A car moving with uniform acceleration covers 450m in a 5 second interval and covers 700m in the next 5 second interval. The acceleration of the car is * 25m/s2 7m/s2 50m/s2 10m/s2
Answers
Given :
Initial distance of the car = 450 m .
Initial time taken = 5 s .
Initial velocity of the car ( u ) = 450 m / 5 s ⇒ 90 m/s .
Final distance covered by the car = 700 m .
Final time taken by the car = 5 s .
Final velocity of the car ( v )= 700 m / 5 s ⇒ 140 m/s .
Time taken to change the velocity ( t ) = 5 s .
Acceleration is the rate of change of velocity per unit time .
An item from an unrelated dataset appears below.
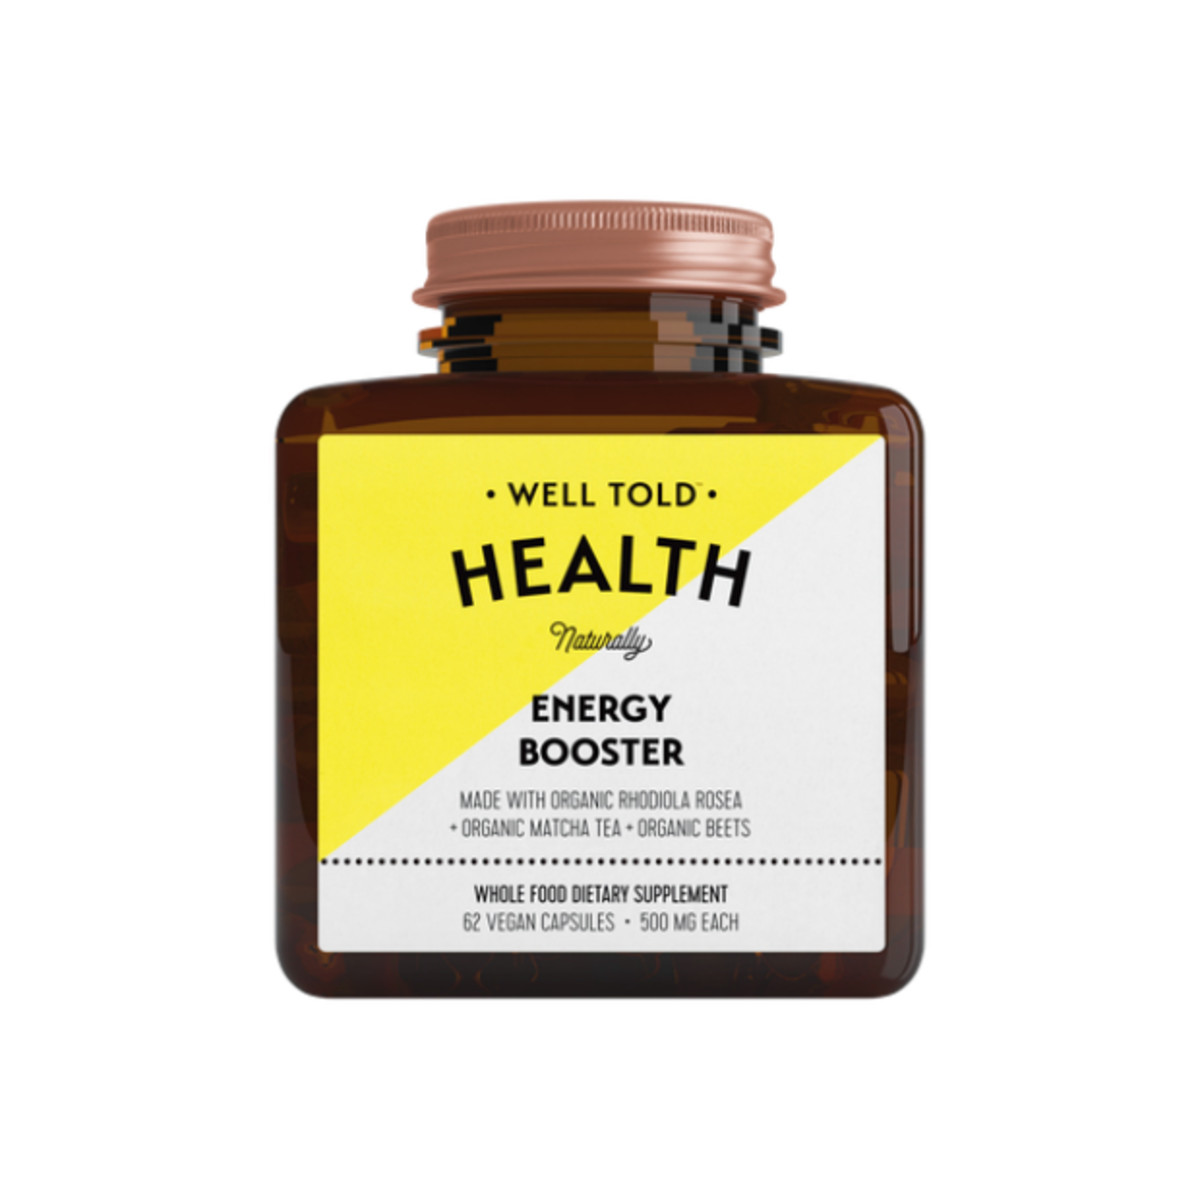 Energy Booster, $36, available at Well Told Health.

Change of velocity is = final velocity - initial velocity .
The acceleration of the car is 10 m/s².
NOTE :
The acceleration can be calculated by subtracting the final velocity and the initial velocity and by dividing it " with the time taken to change the initial and final velocity "
Solution:-
Given :-
For First 5 Seconds,
Initial Velocity = Total Distance Travelled/ Time Taken
=> Initial Velocity = (450/5) m/s
=> Initial Velocity = 90 m/s.
For Next 5 Seconds,
Final Velocity = Distance Travelled / Time Taken
=> Final Velocity = 700/5 m/s
=> Final Velocity = 140 m/s.
Now,
Change in Velocity due to Acceleration;
Change in Velocity= (Final Velocity- Initial Velocity)/ Time Taken
=> Change in Velocity = (140 - 90)/5
=> Change in Velocity = 50/5
=> Change in Velocity = 10 m/s^2.
Hence,
The Acceleration of the Car is 10 m/s^2.